▶ Dataset entries:
-*-*-

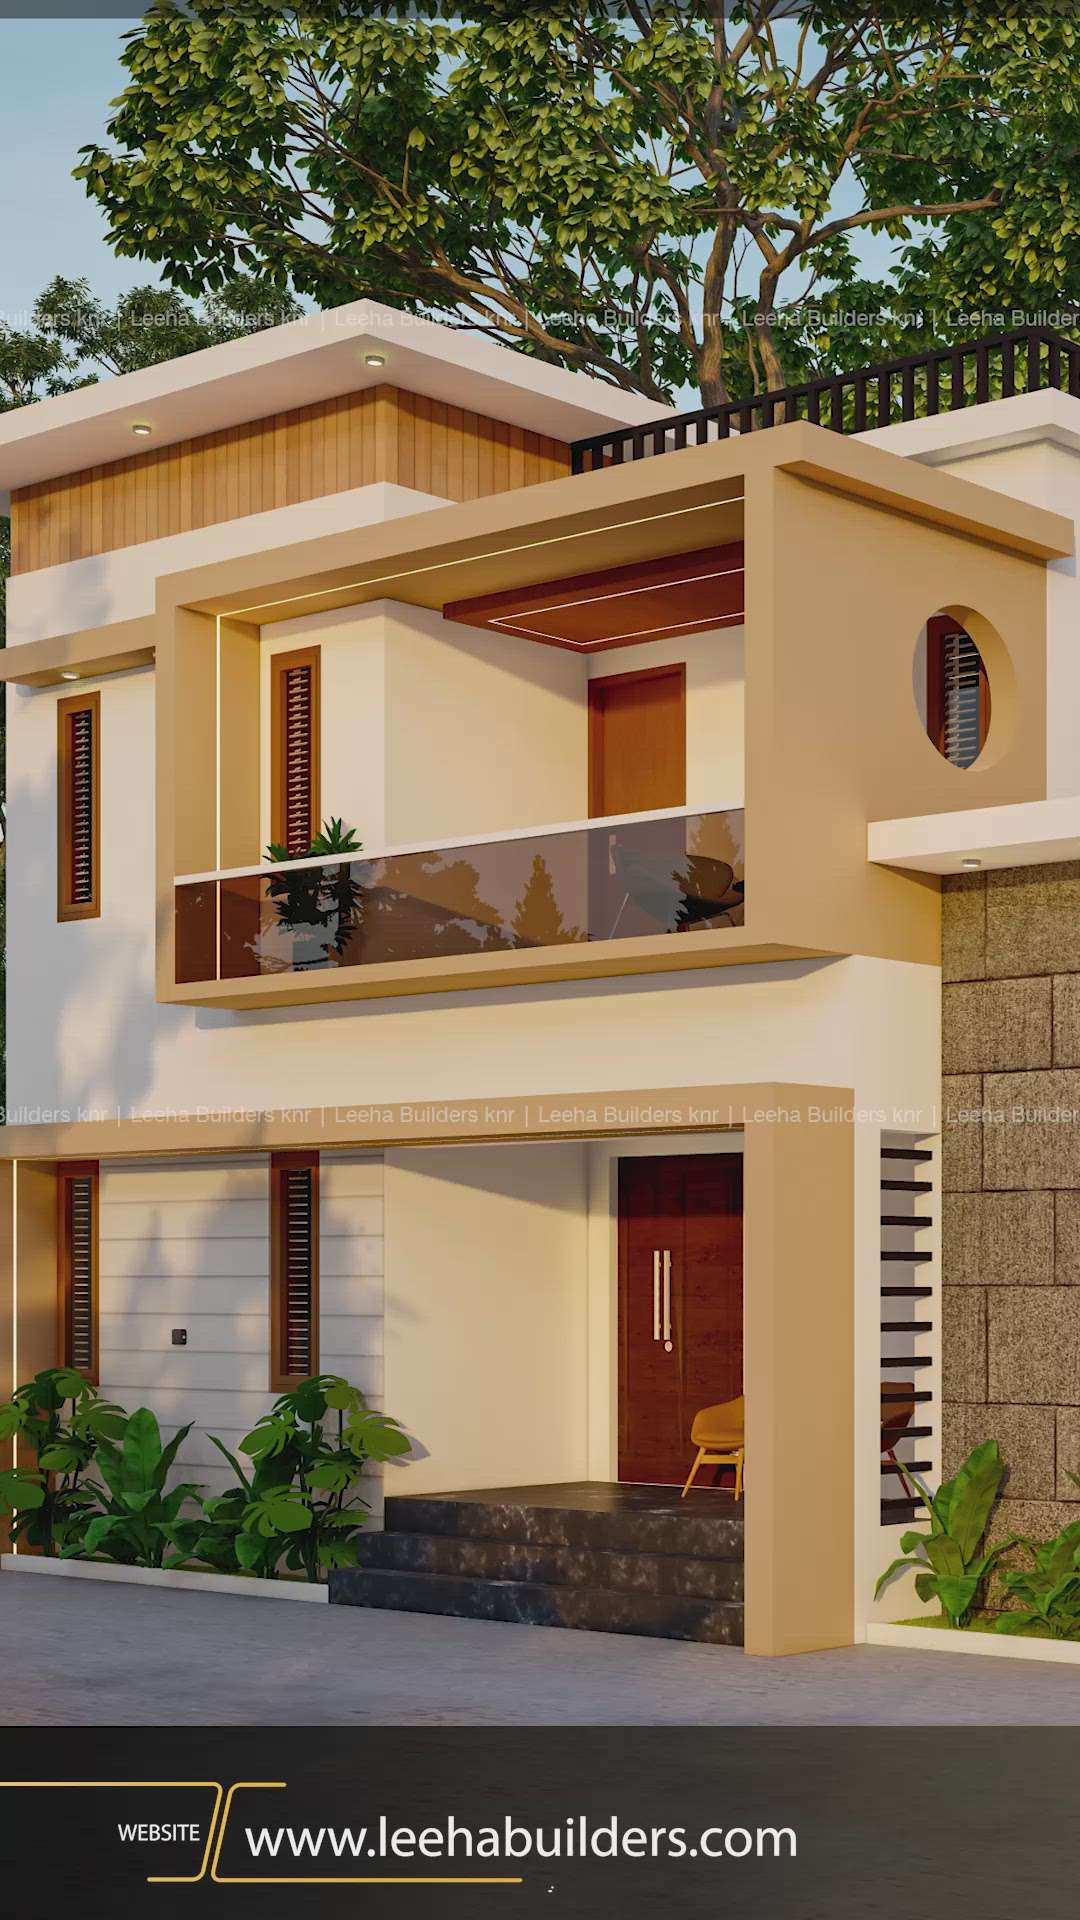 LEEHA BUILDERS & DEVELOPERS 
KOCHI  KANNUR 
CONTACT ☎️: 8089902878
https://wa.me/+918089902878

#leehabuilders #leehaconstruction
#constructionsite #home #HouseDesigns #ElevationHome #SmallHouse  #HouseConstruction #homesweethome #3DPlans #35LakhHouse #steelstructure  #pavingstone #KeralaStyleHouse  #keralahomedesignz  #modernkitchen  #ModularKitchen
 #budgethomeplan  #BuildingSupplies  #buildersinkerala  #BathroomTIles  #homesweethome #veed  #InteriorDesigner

-*-*-

▶ TASK DETAILS:
Repeat the records word for word, skipping pictures.

▶ TASK ANSWER:
 LEEHA BUILDERS & DEVELOPERS 
KOCHI  KANNUR 
CONTACT ☎️: 8089902878
https://wa.me/+918089902878

#leehabuilders #leehaconstruction
#constructionsite #home #HouseDesigns #ElevationHome #SmallHouse  #HouseConstruction #homesweethome #3DPlans #35LakhHouse #steelstructure  #pavingstone #KeralaStyleHouse  #keralahomedesignz  #modernkitchen  #ModularKitchen
 #budgethomeplan  #BuildingSupplies  #buildersinkerala  #BathroomTIles  #homesweethome #veed  #InteriorDesigner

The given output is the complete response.